Copy exactly the lines of the records below, and only those lines, beginning with the line that contains "bunches of brown" and ending with the line that contains "Steel Jesus Drum".

* [Entries supplied]

=== Section Start ===

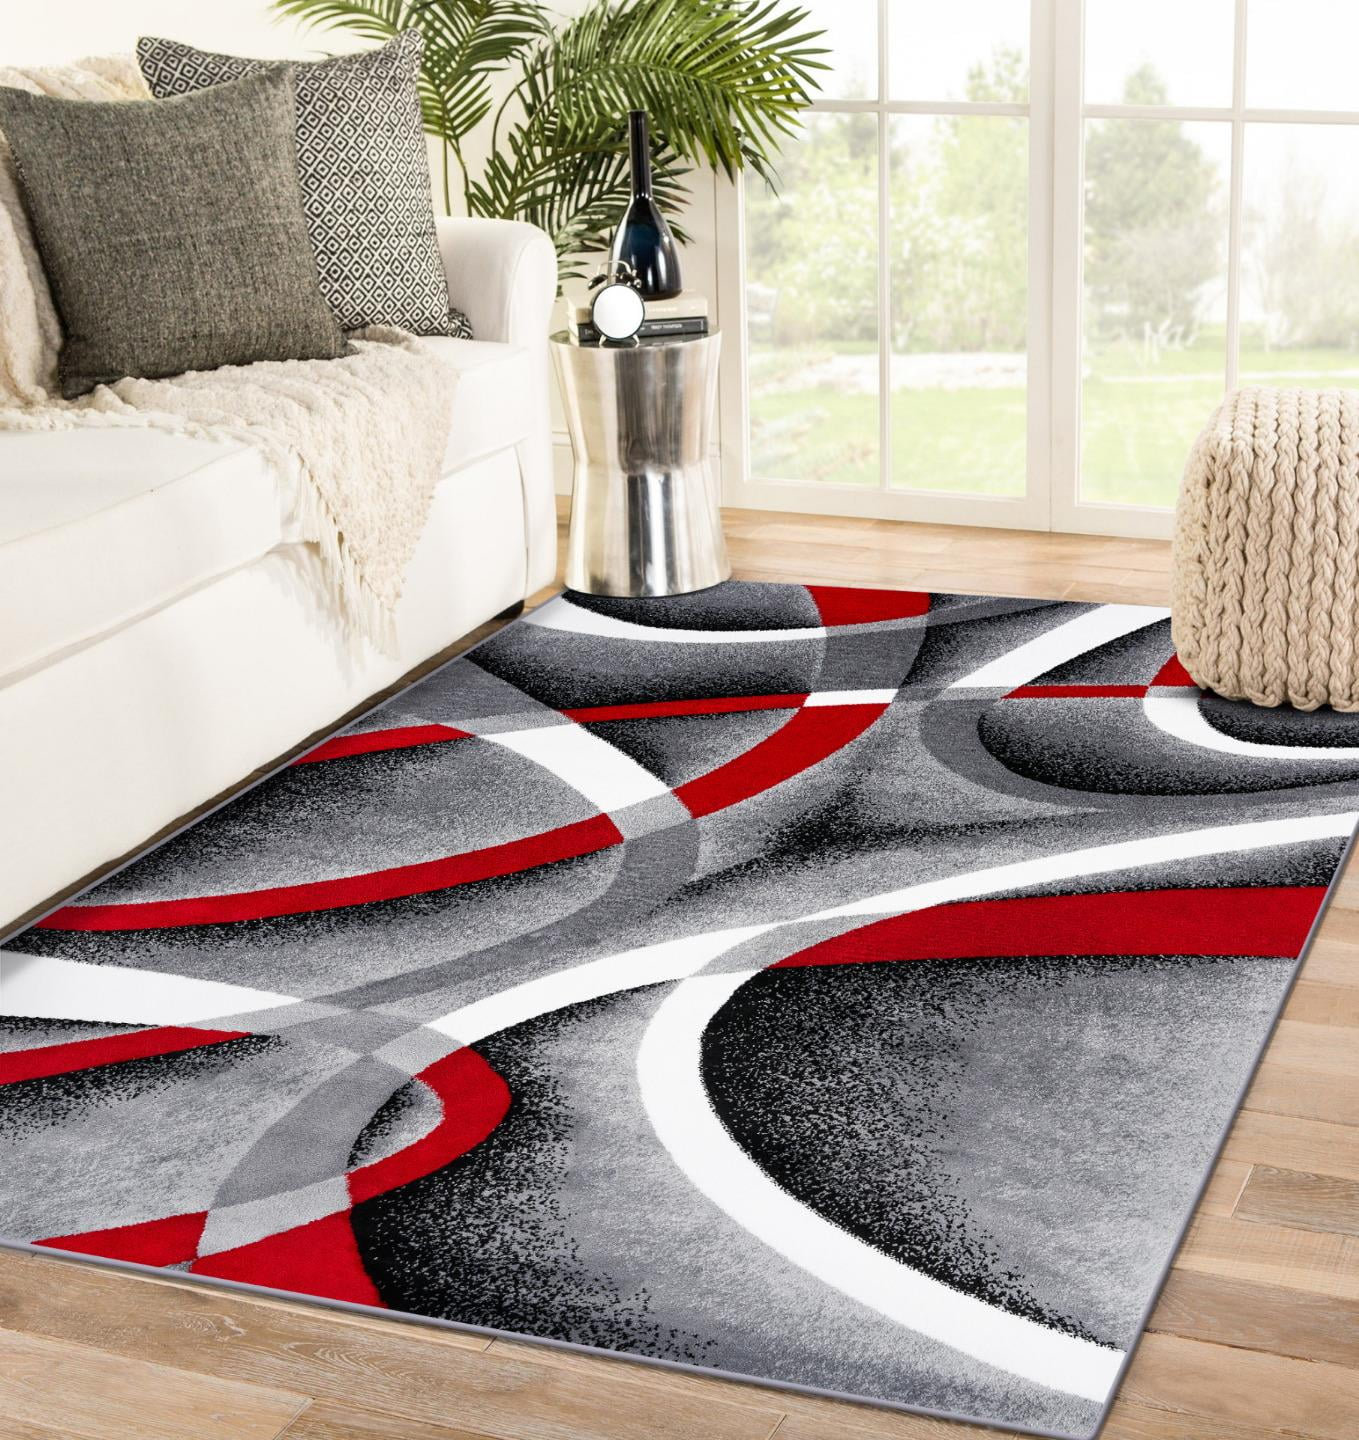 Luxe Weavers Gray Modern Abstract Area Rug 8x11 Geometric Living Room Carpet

=== Section End ===
=== Section Start ===

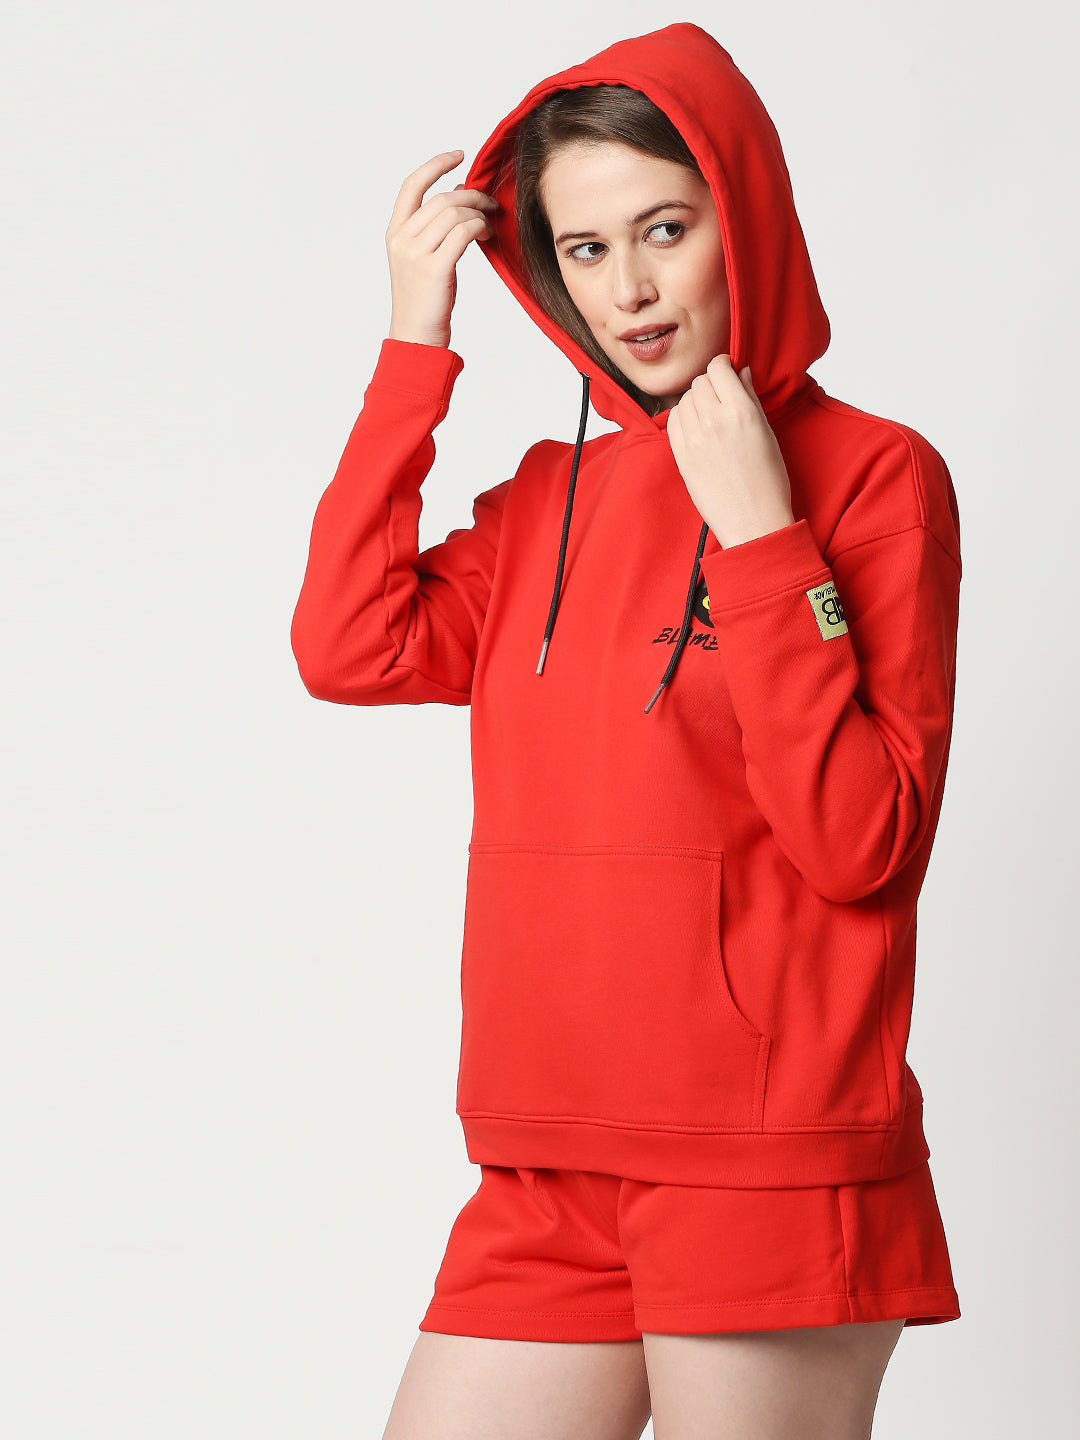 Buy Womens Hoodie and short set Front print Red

=== Section End ===
=== Section Start ===

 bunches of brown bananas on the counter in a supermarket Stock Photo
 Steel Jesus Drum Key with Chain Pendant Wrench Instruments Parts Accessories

=== Section End ===

* [Response below]
 bunches of brown bananas on the counter in a supermarket Stock Photo
 Steel Jesus Drum Key with Chain Pendant Wrench Instruments Parts Accessories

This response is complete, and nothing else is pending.